The Process Intensification (PI), which is defined as “any chemical engineering development that leads to a substantially smaller, cleaner, safer, and more energy efficient technology”, is likely to be the next revolution of the chemical industry. The need for more efficient processes, including further flexible engineering designs and, at the same time, increasing the safety and environmental impact of these processes, is pushing the industry to novel research in this field. The chemistry and related sectors have already recognized the benefits of the PI and estimated a potential for energy saving of about 1.000 ktoe / year using these processes. It is also for this reason that the PI takes a very high place in the current European research agenda, see, for instance, the SPIRE programme in H2020.

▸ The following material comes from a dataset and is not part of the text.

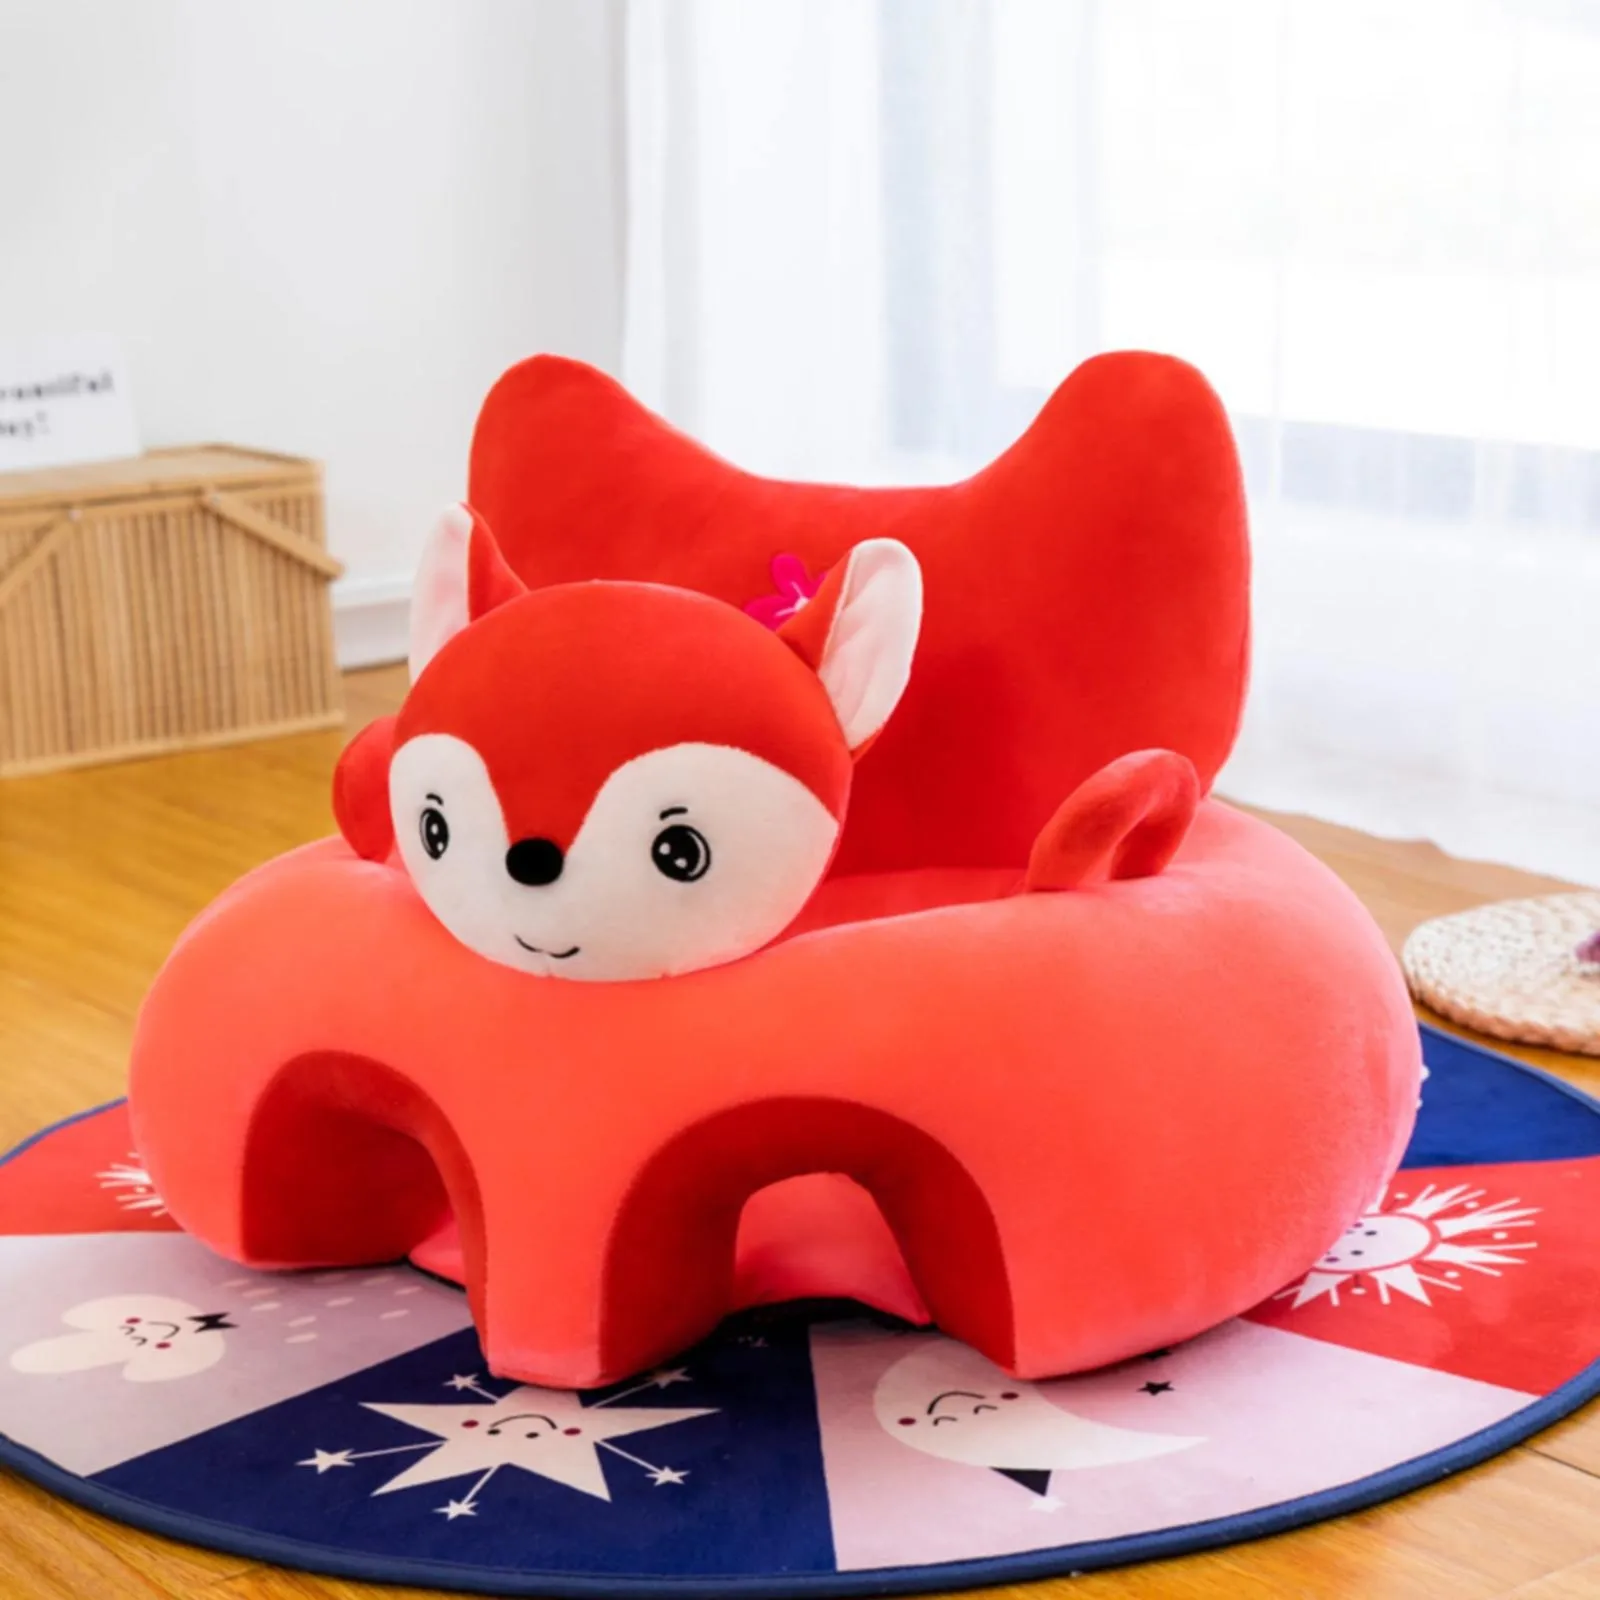 https://ae01.alicdn.com/kf/Sf617317840f243c59b7cc6871e0e7649n/Children-s-Sofa-Without-Filled-Cotton-Chair-Soft-Cartoon-Animals-Baby-Floor-Seat-Cushions-Memory-Foam.jpg

Among several industrial processes, hydrogen production aroused great interest in the research and industrial scenarios, due to the possibility, in particular aiming to exploit hydrogen as an energy vector (also through distributed generation). On the other hand, up to now, really sustainable hydrogen production (i.e. with lower environmental impact and the use of new raw materials) represents one of the main obstacles toward a true hydrogen-based economy.
The technology of Membrane Reactor (MR) plays an important role in the PI and is based on a device combining a membrane-based separation and a catalytic chemical reaction in one unit. Every catalytic industrial process can potentially benefit from the introduction of catalytic membranes and membrane reactors instead of the conventional reactors.
Today membrane reactors are being proposed for a variety of reactions (especially in the H2 production processes, i.e. steam reforming, dry reforming or auto thermal reforming). In principle, all reactions affected by thermodynamic limitations can be enhanced by using membrane reactors. In fact, removing one of the products during the reaction, allows circumventing thermodynamic limitations. But there are still several barriers to be overcome for their successful deployment at industrial level.
The objective of industrialization of a catalytic MR can only be achieved through a sound, interdisciplinary research between the R&D institutions and industry, covering all the aspects of the innovation chain (from materials – catalysts and membranes – to modelling and energy analysis, to engineering and related safety and environmental issues). A sharing of the technological risk between the industry and research institutions is also a strong incentive to face the well-known conservative nature of the chemical sector and to help a faster exploitation of membrane reactors in this industry and beyond.
The final goal of PROMECA is to develop, test, and validate an innovative MR integrating new structured catalysts and selective membrane materials to improve the overall performance, durability, cost effectiveness, and sustainability over different industrially interesting processes, starting with distributed hydrogen production as the main focus of the project, but already assessing replicability, i.e. methane reforming, CO2 capture, heat and power cogeneration, bio-based fuel conversions.